This week, Muslim American poet Najeeba Syeed-Miller took the holy month of Ramadan to a new and unfamiliar audience: low-income and mostly Latino children who live in the Maravilla Housing Development in East Los Angeles.
Syeed-Miller said she asked the students to draw pictures of their own conflicts, and to share the stories about their fights. Then, she explained how Muslims tried to fast from both food and anger during Ramadan.
"I was trying to make connections between Ramadan and their own lives," she said, "and explain that you could break your fast on a spiritual level as well as a physical one."
The foray into East Los Angeles represents one of many new ways that Muslims are sharing Ramadan with the broader non-Muslim community. Such efforts multiplied after the Sept. 11 terrorist attacks sparked widespread public curiosity -- and some hostility -- toward Islam, and seem to be reaching new levels today.
Around the world this week, more than 1 billion Muslims began observing Ramadan, a season of spiritual rejuvenation marked by fasting from dawn to dusk, charitable acts and special prayers. The fasting by healthy adults is aimed at developing self-control, better health, greater consciousness of God and compassion for the poor and hungry. The month of Ramadan also marks the time that the Koran was first revealed by God through the Angel Gabriel to the Prophet Muhammad.
But in the United States, where ethnic and religious traditions are so often shared and intermingled, Ramadan is becoming a season of spiritual reflection for many non-Muslims as well.

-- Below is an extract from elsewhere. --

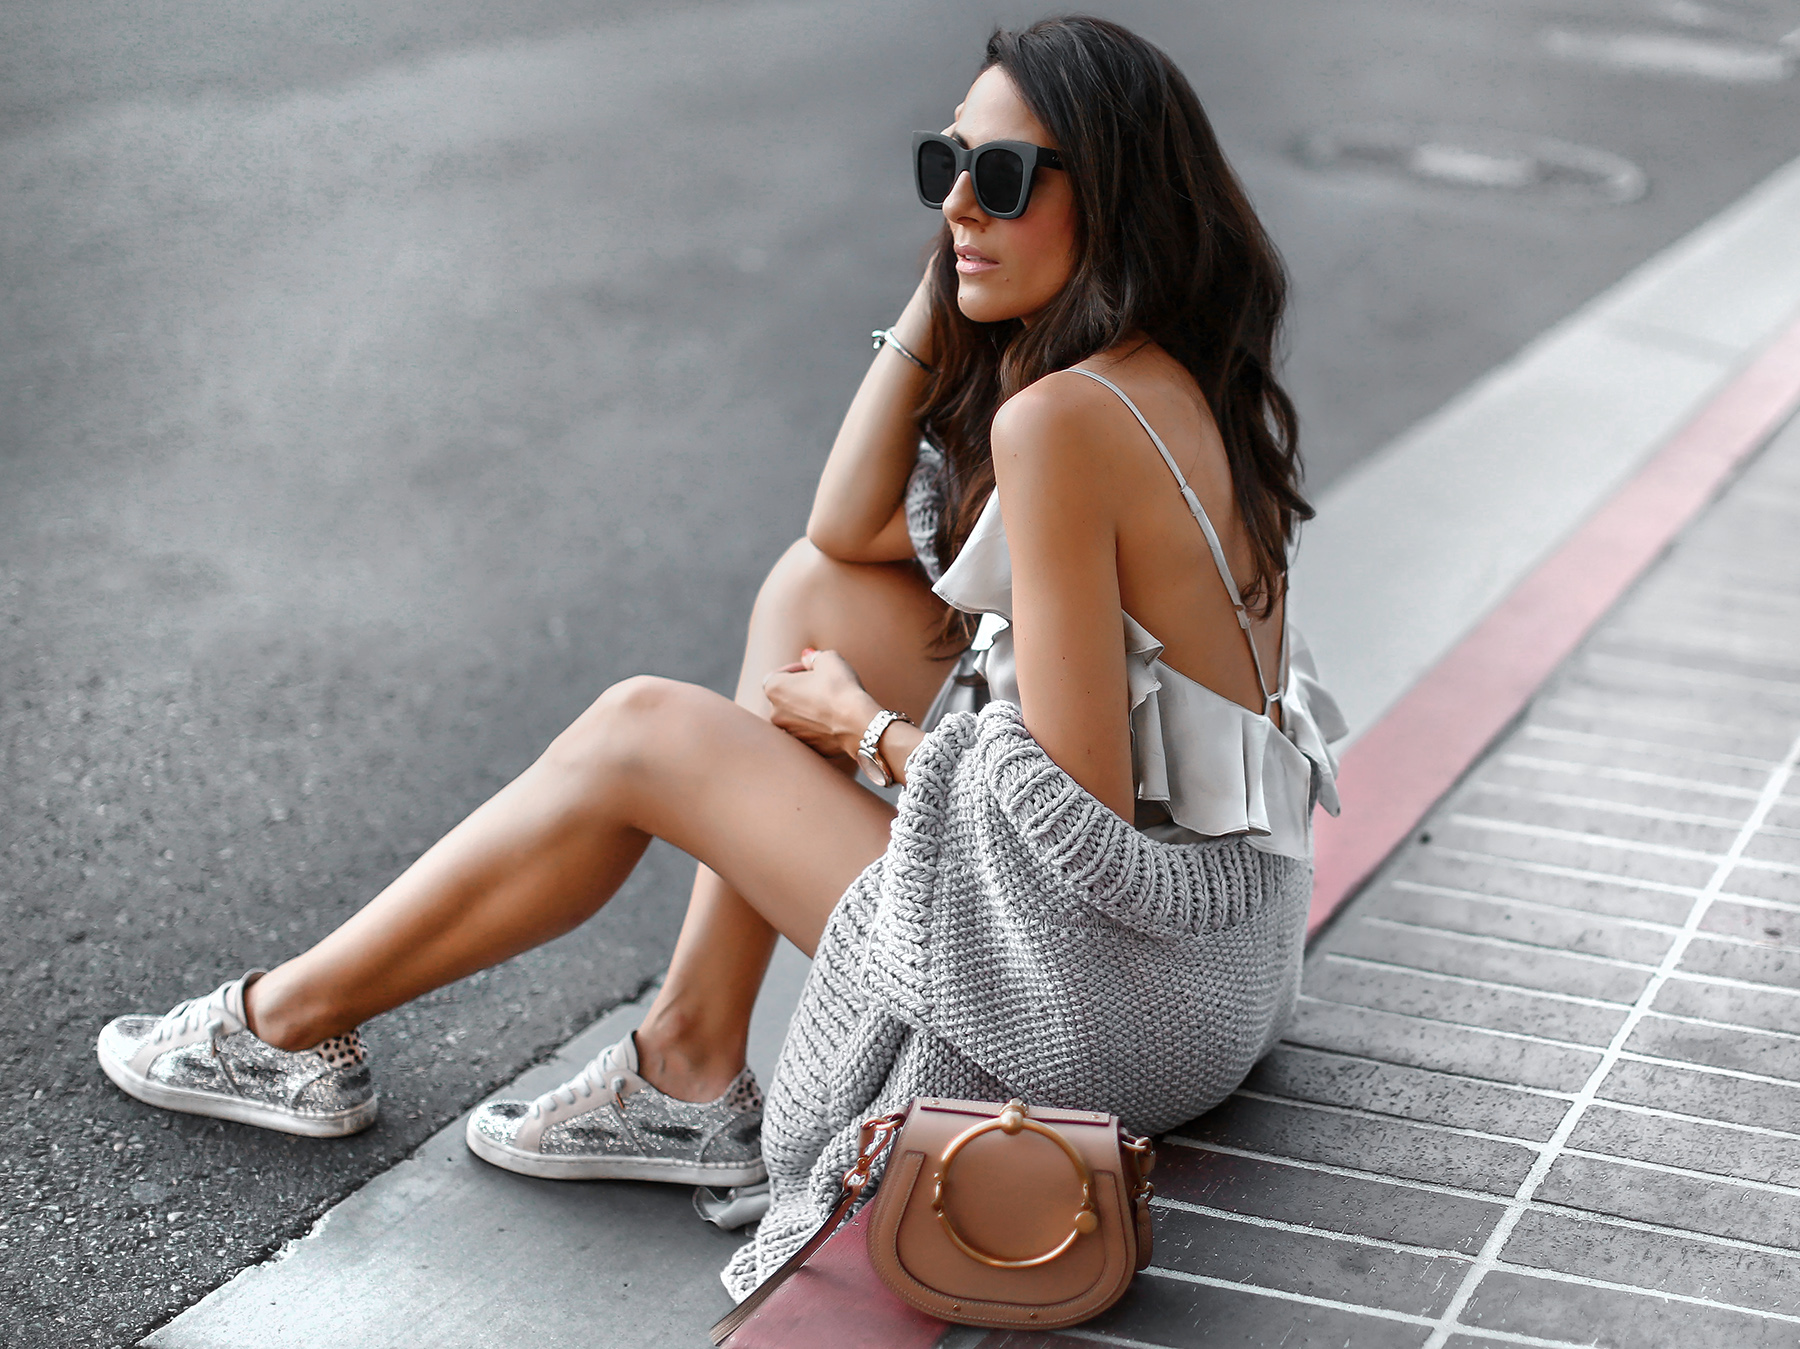 MLM Label Ruffle Dress_I_Love_Mister_Mittens_KImono_Sweater_Dolce_Vita_Sneakers_Chloe_Nile_Bag.jpg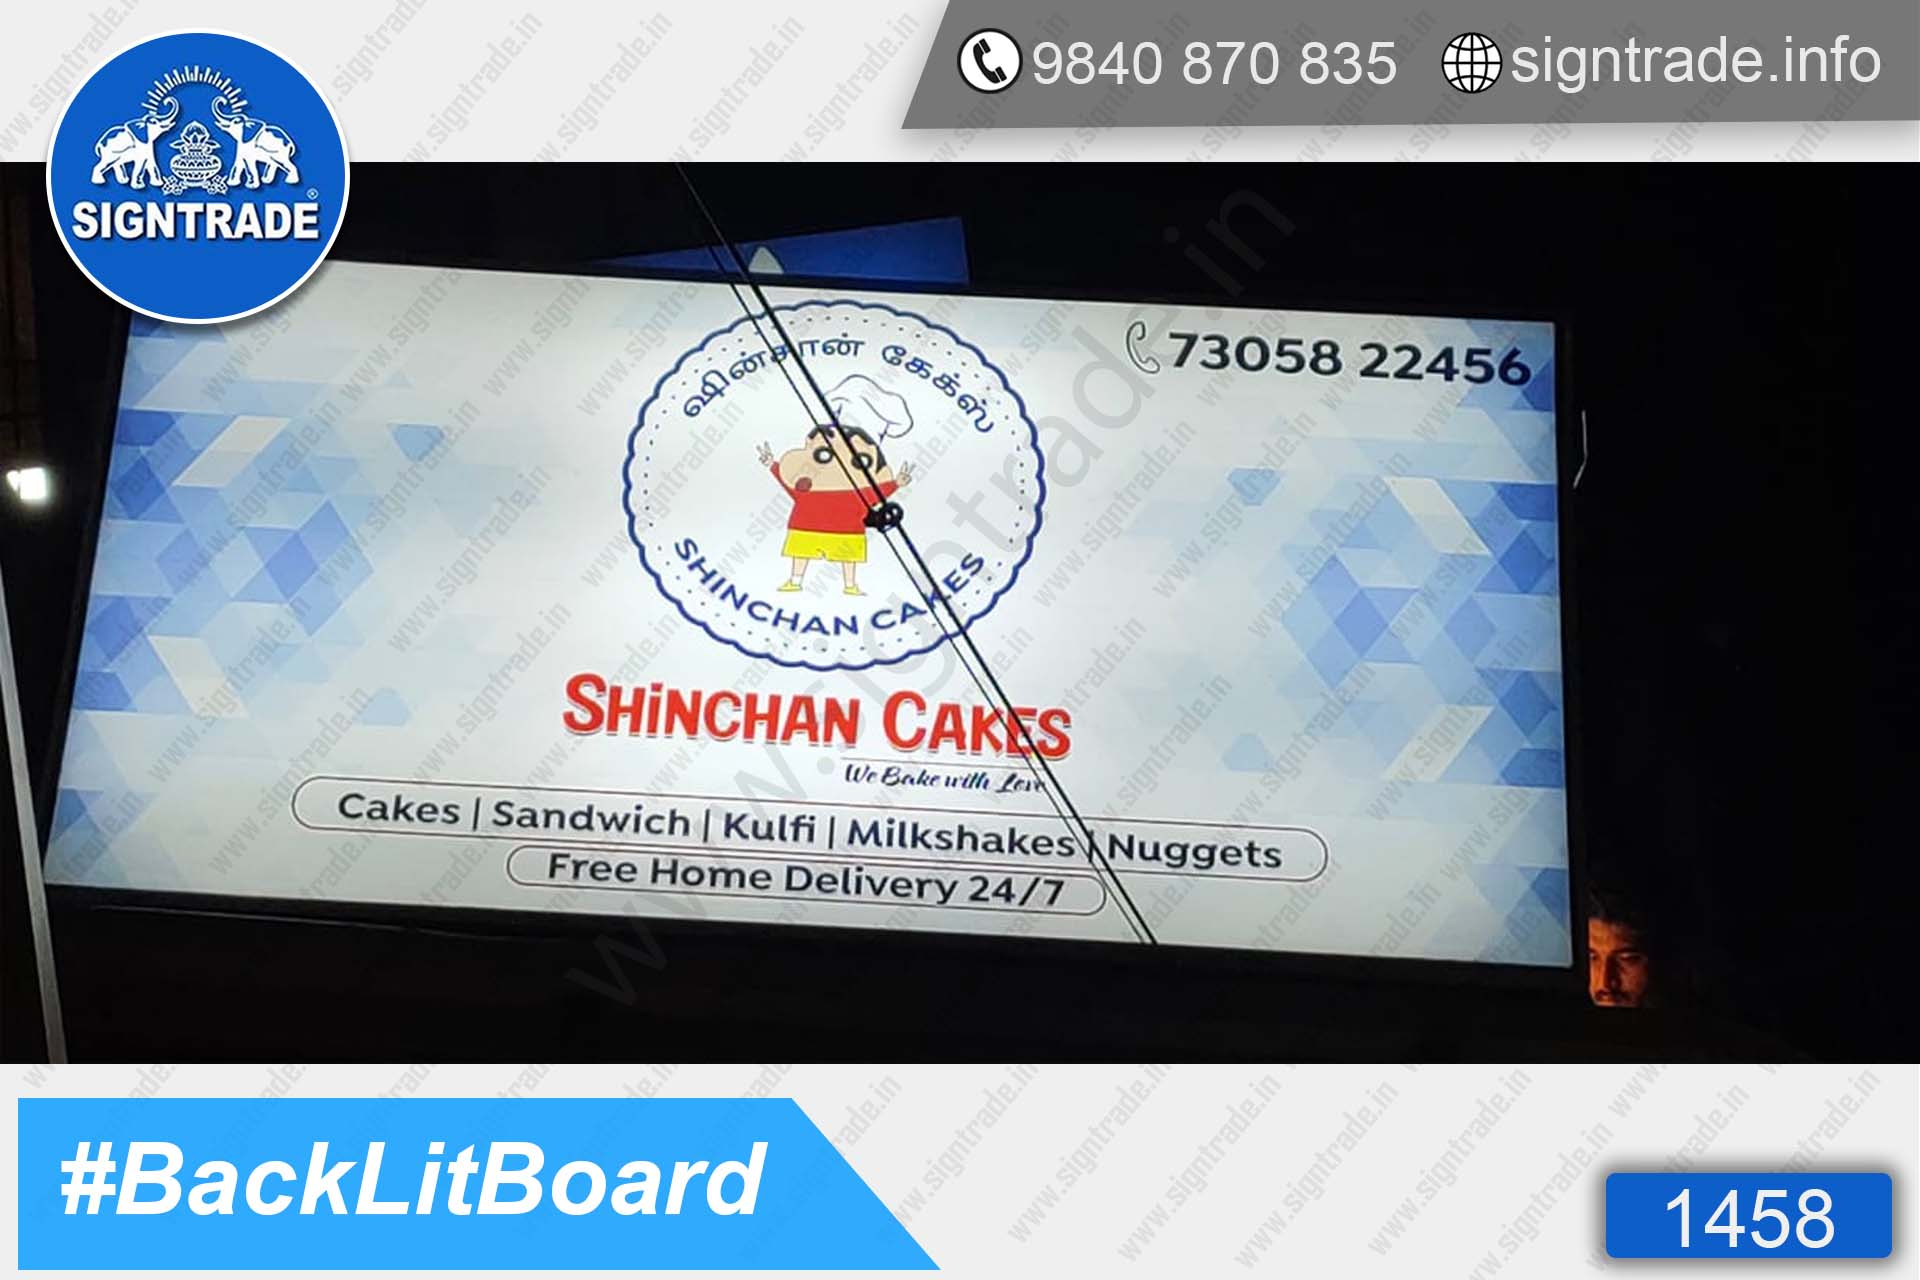 Shinchan Cakes backlit Board

Some people are trying the fast or joining interfaith and intercultural fast-breakings known as iftars. The Muslim student associations at USC and UCLA, for instance, are recruiting non-Muslims to join a "Ramadan fast-a-thon" to raise money for health care and hot meals for the homeless.
At UCLA, Muslims have lined up several local businesses to pledge $1 for each person who fasts for a day, and recruited members from such campus organizations as the Progressive Jewish Students Assn. and the Indian Students Union to participate, said Mariam Jukaku, president of the Islamic group.
The fast-a-thon "will help share the ideals of Ramadan with non-Muslims -- the self-renewal and sacrificing of material things in order to remember God," Jukaku said.